> _Extracted records_:
Segment Open

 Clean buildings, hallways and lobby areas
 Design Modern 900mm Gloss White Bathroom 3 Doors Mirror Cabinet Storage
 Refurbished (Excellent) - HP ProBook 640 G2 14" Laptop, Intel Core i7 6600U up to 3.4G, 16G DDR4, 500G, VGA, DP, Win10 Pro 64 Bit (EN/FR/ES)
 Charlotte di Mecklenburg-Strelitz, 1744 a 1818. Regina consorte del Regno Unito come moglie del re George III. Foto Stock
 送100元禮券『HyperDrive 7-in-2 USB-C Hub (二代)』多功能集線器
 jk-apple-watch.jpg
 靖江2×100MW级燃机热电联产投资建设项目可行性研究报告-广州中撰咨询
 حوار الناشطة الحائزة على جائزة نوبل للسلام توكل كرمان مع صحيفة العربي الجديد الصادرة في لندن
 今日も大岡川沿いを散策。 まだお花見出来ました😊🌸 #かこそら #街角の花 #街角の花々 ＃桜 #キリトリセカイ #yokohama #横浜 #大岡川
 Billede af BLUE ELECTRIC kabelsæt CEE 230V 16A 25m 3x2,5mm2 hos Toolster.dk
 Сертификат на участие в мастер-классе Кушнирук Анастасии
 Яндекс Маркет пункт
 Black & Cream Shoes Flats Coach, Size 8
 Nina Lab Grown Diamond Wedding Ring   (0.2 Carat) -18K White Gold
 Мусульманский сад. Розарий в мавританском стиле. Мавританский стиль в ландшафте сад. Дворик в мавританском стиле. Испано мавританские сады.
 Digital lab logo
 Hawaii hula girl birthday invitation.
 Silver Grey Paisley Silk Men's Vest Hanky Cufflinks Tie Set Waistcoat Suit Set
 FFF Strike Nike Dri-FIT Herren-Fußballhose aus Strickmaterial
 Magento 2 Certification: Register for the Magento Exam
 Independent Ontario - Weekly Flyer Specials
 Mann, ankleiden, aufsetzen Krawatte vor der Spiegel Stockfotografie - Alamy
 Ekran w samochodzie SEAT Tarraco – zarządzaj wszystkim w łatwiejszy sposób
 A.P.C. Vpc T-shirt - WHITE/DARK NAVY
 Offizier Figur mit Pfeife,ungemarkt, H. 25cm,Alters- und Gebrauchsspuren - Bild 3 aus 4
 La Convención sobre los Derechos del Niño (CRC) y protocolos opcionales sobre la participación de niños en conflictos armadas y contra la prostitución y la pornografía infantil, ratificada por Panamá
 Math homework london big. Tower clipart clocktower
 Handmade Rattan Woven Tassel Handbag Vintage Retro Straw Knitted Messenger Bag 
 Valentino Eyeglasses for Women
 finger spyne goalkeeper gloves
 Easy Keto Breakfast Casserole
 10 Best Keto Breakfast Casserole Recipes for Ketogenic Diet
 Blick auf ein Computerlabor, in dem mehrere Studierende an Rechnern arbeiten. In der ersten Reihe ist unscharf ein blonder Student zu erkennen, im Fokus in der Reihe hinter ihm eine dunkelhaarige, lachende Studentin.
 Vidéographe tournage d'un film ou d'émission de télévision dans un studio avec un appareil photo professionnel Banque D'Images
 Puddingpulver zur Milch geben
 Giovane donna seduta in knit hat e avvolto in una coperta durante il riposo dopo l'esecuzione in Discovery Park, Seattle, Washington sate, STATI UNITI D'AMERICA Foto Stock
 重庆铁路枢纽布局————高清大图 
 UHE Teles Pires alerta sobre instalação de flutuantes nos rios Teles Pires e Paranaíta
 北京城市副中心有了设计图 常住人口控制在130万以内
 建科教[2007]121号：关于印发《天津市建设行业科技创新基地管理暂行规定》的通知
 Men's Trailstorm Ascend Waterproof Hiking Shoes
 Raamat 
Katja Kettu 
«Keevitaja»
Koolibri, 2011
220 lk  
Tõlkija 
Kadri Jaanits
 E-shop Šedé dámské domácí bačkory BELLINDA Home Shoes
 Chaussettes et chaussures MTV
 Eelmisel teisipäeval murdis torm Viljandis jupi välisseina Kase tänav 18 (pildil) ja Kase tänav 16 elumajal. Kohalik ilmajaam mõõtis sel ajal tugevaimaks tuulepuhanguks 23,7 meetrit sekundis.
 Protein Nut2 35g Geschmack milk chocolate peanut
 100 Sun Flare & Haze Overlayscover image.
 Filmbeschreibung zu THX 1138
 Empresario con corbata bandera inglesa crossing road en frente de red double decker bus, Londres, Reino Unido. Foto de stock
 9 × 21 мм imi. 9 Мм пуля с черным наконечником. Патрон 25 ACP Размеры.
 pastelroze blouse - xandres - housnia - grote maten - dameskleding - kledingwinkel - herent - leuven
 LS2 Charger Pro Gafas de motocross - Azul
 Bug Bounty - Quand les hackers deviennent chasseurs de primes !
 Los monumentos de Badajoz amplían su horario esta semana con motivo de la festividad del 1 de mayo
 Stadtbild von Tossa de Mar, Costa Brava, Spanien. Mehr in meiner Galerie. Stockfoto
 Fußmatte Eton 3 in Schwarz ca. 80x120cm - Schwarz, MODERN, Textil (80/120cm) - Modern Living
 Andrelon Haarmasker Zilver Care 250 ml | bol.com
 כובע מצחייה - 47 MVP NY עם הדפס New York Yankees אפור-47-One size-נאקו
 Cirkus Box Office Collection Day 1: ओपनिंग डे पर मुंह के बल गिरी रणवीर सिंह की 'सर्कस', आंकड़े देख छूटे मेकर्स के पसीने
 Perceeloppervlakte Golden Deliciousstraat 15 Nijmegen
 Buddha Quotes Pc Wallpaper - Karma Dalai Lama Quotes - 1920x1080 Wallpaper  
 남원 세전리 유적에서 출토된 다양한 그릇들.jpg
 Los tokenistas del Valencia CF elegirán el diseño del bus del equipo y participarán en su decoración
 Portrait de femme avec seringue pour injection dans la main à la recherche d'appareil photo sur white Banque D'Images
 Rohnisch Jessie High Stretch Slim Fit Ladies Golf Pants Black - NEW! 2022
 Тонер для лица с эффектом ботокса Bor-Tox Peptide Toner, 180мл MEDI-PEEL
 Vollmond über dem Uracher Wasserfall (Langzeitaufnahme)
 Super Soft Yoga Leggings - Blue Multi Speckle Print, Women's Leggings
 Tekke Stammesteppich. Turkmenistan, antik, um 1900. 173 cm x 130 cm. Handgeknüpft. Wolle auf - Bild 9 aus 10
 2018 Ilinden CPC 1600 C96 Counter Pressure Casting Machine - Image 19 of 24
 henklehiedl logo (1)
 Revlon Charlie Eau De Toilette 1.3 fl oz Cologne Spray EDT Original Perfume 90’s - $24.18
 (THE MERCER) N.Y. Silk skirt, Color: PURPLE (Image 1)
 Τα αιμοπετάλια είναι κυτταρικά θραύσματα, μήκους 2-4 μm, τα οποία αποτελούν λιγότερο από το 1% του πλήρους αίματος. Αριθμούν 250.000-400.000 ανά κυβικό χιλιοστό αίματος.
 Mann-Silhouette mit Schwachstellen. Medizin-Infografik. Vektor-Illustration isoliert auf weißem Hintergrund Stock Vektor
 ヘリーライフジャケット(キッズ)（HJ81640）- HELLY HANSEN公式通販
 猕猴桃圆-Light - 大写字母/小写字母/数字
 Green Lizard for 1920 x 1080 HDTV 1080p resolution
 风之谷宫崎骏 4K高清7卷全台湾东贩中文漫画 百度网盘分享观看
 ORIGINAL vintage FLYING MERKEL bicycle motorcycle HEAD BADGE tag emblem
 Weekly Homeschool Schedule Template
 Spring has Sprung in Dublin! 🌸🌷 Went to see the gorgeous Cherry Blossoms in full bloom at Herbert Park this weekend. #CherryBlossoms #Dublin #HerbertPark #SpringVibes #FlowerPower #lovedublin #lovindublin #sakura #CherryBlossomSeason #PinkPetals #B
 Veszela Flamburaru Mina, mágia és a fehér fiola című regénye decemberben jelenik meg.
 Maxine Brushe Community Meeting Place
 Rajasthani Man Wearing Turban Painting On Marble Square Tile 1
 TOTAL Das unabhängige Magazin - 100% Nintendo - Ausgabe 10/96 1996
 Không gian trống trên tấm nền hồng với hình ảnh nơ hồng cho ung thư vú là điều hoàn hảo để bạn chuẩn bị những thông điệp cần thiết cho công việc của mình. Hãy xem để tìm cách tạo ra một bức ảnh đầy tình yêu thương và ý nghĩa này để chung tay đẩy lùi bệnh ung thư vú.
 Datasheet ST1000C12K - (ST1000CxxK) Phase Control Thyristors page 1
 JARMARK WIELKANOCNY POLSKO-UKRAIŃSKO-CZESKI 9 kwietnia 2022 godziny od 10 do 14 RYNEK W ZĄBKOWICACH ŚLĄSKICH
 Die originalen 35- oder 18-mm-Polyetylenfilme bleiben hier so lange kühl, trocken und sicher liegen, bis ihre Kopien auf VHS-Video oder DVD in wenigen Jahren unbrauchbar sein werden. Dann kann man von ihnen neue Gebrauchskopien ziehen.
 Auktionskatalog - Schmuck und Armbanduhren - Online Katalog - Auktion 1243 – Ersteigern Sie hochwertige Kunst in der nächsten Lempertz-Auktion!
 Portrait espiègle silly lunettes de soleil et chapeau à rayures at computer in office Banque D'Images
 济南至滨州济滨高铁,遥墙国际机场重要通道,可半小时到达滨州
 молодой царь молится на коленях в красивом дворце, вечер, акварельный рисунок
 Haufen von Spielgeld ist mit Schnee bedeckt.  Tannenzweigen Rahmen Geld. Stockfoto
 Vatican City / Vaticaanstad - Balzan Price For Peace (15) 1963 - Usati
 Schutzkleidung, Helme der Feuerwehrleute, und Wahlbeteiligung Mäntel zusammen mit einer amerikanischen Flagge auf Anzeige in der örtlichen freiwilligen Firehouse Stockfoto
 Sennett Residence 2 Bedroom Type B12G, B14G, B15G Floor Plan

Segment Closed

> _What is required_: Copy out only the lines of the records above from the one with "Protein Nut2 35g" through the one with "Fußmatte Eton 3", exactly as they stand, both included.

> _Solved exercise_:
 Protein Nut2 35g Geschmack milk chocolate peanut
 100 Sun Flare & Haze Overlayscover image.
 Filmbeschreibung zu THX 1138
 Empresario con corbata bandera inglesa crossing road en frente de red double decker bus, Londres, Reino Unido. Foto de stock
 9 × 21 мм imi. 9 Мм пуля с черным наконечником. Патрон 25 ACP Размеры.
 pastelroze blouse - xandres - housnia - grote maten - dameskleding - kledingwinkel - herent - leuven
 LS2 Charger Pro Gafas de motocross - Azul
 Bug Bounty - Quand les hackers deviennent chasseurs de primes !
 Los monumentos de Badajoz amplían su horario esta semana con motivo de la festividad del 1 de mayo
 Stadtbild von Tossa de Mar, Costa Brava, Spanien. Mehr in meiner Galerie. Stockfoto
 Fußmatte Eton 3 in Schwarz ca. 80x120cm - Schwarz, MODERN, Textil (80/120cm) - Modern Living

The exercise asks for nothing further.